**Your task:** Print the records below exactly, leaving out nothing.
((
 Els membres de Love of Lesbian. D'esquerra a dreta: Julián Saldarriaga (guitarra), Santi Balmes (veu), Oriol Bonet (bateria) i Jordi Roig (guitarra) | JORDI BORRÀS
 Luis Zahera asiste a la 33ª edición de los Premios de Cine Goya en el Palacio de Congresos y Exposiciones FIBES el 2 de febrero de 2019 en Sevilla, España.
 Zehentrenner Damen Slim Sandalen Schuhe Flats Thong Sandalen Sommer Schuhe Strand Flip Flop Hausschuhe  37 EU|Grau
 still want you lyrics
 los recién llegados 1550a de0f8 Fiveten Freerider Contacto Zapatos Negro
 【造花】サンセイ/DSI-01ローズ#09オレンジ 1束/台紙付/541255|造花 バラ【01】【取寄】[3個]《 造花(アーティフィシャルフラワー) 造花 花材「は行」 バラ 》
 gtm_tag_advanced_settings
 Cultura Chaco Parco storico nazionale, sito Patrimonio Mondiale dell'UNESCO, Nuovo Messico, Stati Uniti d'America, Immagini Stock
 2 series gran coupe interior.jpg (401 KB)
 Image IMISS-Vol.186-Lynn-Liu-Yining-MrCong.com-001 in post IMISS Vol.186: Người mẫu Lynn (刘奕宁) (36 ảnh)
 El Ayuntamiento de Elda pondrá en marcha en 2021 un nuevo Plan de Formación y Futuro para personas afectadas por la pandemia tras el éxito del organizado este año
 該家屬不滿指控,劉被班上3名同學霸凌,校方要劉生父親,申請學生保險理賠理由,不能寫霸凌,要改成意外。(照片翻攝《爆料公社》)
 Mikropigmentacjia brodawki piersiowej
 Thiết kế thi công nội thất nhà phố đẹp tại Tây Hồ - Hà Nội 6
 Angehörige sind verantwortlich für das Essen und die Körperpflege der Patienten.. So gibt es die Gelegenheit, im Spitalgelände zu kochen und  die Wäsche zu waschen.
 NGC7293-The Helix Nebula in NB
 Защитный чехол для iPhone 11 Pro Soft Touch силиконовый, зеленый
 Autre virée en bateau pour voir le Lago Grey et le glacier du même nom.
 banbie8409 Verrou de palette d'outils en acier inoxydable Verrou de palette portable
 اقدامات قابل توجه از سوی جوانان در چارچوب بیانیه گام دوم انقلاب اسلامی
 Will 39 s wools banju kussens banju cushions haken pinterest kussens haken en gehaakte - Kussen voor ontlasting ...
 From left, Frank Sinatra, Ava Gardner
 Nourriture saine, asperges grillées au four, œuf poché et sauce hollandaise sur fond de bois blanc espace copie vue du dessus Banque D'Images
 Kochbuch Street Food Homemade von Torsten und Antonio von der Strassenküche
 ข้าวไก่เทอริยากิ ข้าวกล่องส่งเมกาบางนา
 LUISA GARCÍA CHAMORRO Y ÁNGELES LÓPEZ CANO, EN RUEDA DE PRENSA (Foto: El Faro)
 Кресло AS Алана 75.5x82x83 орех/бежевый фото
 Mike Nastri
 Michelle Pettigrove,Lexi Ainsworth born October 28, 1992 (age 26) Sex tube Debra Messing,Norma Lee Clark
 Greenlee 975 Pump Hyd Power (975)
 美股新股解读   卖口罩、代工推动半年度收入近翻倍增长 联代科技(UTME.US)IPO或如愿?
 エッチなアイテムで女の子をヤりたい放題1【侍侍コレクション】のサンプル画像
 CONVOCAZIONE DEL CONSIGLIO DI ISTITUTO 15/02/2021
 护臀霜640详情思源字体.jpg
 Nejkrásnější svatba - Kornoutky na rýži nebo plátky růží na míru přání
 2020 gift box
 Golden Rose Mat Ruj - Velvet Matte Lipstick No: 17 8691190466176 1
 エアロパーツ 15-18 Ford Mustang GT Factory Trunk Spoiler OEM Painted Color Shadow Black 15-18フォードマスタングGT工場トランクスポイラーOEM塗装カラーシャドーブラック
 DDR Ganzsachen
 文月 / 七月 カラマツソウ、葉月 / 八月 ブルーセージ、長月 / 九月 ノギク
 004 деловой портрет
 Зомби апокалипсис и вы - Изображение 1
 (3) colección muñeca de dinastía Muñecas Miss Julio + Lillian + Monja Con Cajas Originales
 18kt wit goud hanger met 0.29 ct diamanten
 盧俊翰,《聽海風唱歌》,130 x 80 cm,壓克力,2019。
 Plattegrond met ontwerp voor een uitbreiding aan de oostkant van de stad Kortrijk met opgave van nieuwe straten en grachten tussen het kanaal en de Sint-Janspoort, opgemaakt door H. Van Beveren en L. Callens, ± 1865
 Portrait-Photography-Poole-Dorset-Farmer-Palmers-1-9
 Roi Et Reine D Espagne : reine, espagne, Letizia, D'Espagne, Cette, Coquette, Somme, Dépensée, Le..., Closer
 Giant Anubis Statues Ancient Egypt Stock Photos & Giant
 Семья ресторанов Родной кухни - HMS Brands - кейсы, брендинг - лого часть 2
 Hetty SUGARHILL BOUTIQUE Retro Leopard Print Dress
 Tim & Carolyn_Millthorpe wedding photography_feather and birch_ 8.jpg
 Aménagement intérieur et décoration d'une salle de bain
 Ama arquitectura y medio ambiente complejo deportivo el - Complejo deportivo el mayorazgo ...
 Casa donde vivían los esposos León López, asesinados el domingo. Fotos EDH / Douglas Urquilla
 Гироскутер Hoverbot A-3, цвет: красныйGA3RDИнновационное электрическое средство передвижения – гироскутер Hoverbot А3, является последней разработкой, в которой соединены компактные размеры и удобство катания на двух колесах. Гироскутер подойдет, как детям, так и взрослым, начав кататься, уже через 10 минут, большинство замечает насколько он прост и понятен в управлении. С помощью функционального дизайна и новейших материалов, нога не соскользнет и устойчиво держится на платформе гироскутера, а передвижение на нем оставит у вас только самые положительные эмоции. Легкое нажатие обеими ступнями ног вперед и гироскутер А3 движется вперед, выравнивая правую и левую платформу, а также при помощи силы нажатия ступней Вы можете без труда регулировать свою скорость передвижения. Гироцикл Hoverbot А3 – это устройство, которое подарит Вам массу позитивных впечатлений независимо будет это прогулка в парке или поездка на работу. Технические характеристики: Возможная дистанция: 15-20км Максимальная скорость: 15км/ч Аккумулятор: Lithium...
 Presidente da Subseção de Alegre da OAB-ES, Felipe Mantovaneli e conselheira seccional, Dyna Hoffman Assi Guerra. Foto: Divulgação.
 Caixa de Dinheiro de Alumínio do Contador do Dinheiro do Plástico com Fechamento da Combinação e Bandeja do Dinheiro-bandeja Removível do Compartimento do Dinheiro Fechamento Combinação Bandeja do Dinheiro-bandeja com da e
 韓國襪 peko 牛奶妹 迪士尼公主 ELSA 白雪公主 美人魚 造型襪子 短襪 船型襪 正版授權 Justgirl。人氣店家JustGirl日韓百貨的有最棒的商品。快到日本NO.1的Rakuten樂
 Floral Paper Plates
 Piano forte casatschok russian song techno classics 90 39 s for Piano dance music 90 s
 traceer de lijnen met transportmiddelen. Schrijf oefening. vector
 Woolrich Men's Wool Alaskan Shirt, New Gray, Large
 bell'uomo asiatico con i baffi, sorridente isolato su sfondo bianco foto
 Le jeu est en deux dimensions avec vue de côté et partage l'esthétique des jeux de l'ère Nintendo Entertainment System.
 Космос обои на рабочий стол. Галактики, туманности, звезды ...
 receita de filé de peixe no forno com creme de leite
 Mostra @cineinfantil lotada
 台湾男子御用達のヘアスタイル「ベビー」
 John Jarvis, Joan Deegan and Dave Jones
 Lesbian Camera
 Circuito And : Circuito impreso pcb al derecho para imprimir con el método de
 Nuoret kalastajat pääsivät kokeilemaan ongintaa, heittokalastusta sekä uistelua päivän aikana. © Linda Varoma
))
**Response below:**
 Els membres de Love of Lesbian. D'esquerra a dreta: Julián Saldarriaga (guitarra), Santi Balmes (veu), Oriol Bonet (bateria) i Jordi Roig (guitarra) | JORDI BORRÀS
 Luis Zahera asiste a la 33ª edición de los Premios de Cine Goya en el Palacio de Congresos y Exposiciones FIBES el 2 de febrero de 2019 en Sevilla, España.
 Zehentrenner Damen Slim Sandalen Schuhe Flats Thong Sandalen Sommer Schuhe Strand Flip Flop Hausschuhe  37 EU|Grau
 still want you lyrics
 los recién llegados 1550a de0f8 Fiveten Freerider Contacto Zapatos Negro
 【造花】サンセイ/DSI-01ローズ#09オレンジ 1束/台紙付/541255|造花 バラ【01】【取寄】[3個]《 造花(アーティフィシャルフラワー) 造花 花材「は行」 バラ 》
 gtm_tag_advanced_settings
 Cultura Chaco Parco storico nazionale, sito Patrimonio Mondiale dell'UNESCO, Nuovo Messico, Stati Uniti d'America, Immagini Stock
 2 series gran coupe interior.jpg (401 KB)
 Image IMISS-Vol.186-Lynn-Liu-Yining-MrCong.com-001 in post IMISS Vol.186: Người mẫu Lynn (刘奕宁) (36 ảnh)
 El Ayuntamiento de Elda pondrá en marcha en 2021 un nuevo Plan de Formación y Futuro para personas afectadas por la pandemia tras el éxito del organizado este año
 該家屬不滿指控,劉被班上3名同學霸凌,校方要劉生父親,申請學生保險理賠理由,不能寫霸凌,要改成意外。(照片翻攝《爆料公社》)
 Mikropigmentacjia brodawki piersiowej
 Thiết kế thi công nội thất nhà phố đẹp tại Tây Hồ - Hà Nội 6
 Angehörige sind verantwortlich für das Essen und die Körperpflege der Patienten.. So gibt es die Gelegenheit, im Spitalgelände zu kochen und  die Wäsche zu waschen.
 NGC7293-The Helix Nebula in NB
 Защитный чехол для iPhone 11 Pro Soft Touch силиконовый, зеленый
 Autre virée en bateau pour voir le Lago Grey et le glacier du même nom.
 banbie8409 Verrou de palette d'outils en acier inoxydable Verrou de palette portable
 اقدامات قابل توجه از سوی جوانان در چارچوب بیانیه گام دوم انقلاب اسلامی
 Will 39 s wools banju kussens banju cushions haken pinterest kussens haken en gehaakte - Kussen voor ontlasting ...
 From left, Frank Sinatra, Ava Gardner
 Nourriture saine, asperges grillées au four, œuf poché et sauce hollandaise sur fond de bois blanc espace copie vue du dessus Banque D'Images
 Kochbuch Street Food Homemade von Torsten und Antonio von der Strassenküche
 ข้าวไก่เทอริยากิ ข้าวกล่องส่งเมกาบางนา
 LUISA GARCÍA CHAMORRO Y ÁNGELES LÓPEZ CANO, EN RUEDA DE PRENSA (Foto: El Faro)
 Кресло AS Алана 75.5x82x83 орех/бежевый фото
 Mike Nastri
 Michelle Pettigrove,Lexi Ainsworth born October 28, 1992 (age 26) Sex tube Debra Messing,Norma Lee Clark
 Greenlee 975 Pump Hyd Power (975)
 美股新股解读   卖口罩、代工推动半年度收入近翻倍增长 联代科技(UTME.US)IPO或如愿?
 エッチなアイテムで女の子をヤりたい放題1【侍侍コレクション】のサンプル画像
 CONVOCAZIONE DEL CONSIGLIO DI ISTITUTO 15/02/2021
 护臀霜640详情思源字体.jpg
 Nejkrásnější svatba - Kornoutky na rýži nebo plátky růží na míru přání
 2020 gift box
 Golden Rose Mat Ruj - Velvet Matte Lipstick No: 17 8691190466176 1
 エアロパーツ 15-18 Ford Mustang GT Factory Trunk Spoiler OEM Painted Color Shadow Black 15-18フォードマスタングGT工場トランクスポイラーOEM塗装カラーシャドーブラック
 DDR Ganzsachen
 文月 / 七月 カラマツソウ、葉月 / 八月 ブルーセージ、長月 / 九月 ノギク
 004 деловой портрет
 Зомби апокалипсис и вы - Изображение 1
 (3) colección muñeca de dinastía Muñecas Miss Julio + Lillian + Monja Con Cajas Originales
 18kt wit goud hanger met 0.29 ct diamanten
 盧俊翰,《聽海風唱歌》,130 x 80 cm,壓克力,2019。
 Plattegrond met ontwerp voor een uitbreiding aan de oostkant van de stad Kortrijk met opgave van nieuwe straten en grachten tussen het kanaal en de Sint-Janspoort, opgemaakt door H. Van Beveren en L. Callens, ± 1865
 Portrait-Photography-Poole-Dorset-Farmer-Palmers-1-9
 Roi Et Reine D Espagne : reine, espagne, Letizia, D'Espagne, Cette, Coquette, Somme, Dépensée, Le..., Closer
 Giant Anubis Statues Ancient Egypt Stock Photos & Giant
 Семья ресторанов Родной кухни - HMS Brands - кейсы, брендинг - лого часть 2
 Hetty SUGARHILL BOUTIQUE Retro Leopard Print Dress
 Tim & Carolyn_Millthorpe wedding photography_feather and birch_ 8.jpg
 Aménagement intérieur et décoration d'une salle de bain
 Ama arquitectura y medio ambiente complejo deportivo el - Complejo deportivo el mayorazgo ...
 Casa donde vivían los esposos León López, asesinados el domingo. Fotos EDH / Douglas Urquilla
 Гироскутер Hoverbot A-3, цвет: красныйGA3RDИнновационное электрическое средство передвижения – гироскутер Hoverbot А3, является последней разработкой, в которой соединены компактные размеры и удобство катания на двух колесах. Гироскутер подойдет, как детям, так и взрослым, начав кататься, уже через 10 минут, большинство замечает насколько он прост и понятен в управлении. С помощью функционального дизайна и новейших материалов, нога не соскользнет и устойчиво держится на платформе гироскутера, а передвижение на нем оставит у вас только самые положительные эмоции. Легкое нажатие обеими ступнями ног вперед и гироскутер А3 движется вперед, выравнивая правую и левую платформу, а также при помощи силы нажатия ступней Вы можете без труда регулировать свою скорость передвижения. Гироцикл Hoverbot А3 – это устройство, которое подарит Вам массу позитивных впечатлений независимо будет это прогулка в парке или поездка на работу. Технические характеристики: Возможная дистанция: 15-20км Максимальная скорость: 15км/ч Аккумулятор: Lithium...
 Presidente da Subseção de Alegre da OAB-ES, Felipe Mantovaneli e conselheira seccional, Dyna Hoffman Assi Guerra. Foto: Divulgação.
 Caixa de Dinheiro de Alumínio do Contador do Dinheiro do Plástico com Fechamento da Combinação e Bandeja do Dinheiro-bandeja Removível do Compartimento do Dinheiro Fechamento Combinação Bandeja do Dinheiro-bandeja com da e
 韓國襪 peko 牛奶妹 迪士尼公主 ELSA 白雪公主 美人魚 造型襪子 短襪 船型襪 正版授權 Justgirl。人氣店家JustGirl日韓百貨的有最棒的商品。快到日本NO.1的Rakuten樂
 Floral Paper Plates
 Piano forte casatschok russian song techno classics 90 39 s for Piano dance music 90 s
 traceer de lijnen met transportmiddelen. Schrijf oefening. vector
 Woolrich Men's Wool Alaskan Shirt, New Gray, Large
 bell'uomo asiatico con i baffi, sorridente isolato su sfondo bianco foto
 Le jeu est en deux dimensions avec vue de côté et partage l'esthétique des jeux de l'ère Nintendo Entertainment System.
 Космос обои на рабочий стол. Галактики, туманности, звезды ...
 receita de filé de peixe no forno com creme de leite
 Mostra @cineinfantil lotada
 台湾男子御用達のヘアスタイル「ベビー」
 John Jarvis, Joan Deegan and Dave Jones
 Lesbian Camera
 Circuito And : Circuito impreso pcb al derecho para imprimir con el método de
 Nuoret kalastajat pääsivät kokeilemaan ongintaa, heittokalastusta sekä uistelua päivän aikana. © Linda Varoma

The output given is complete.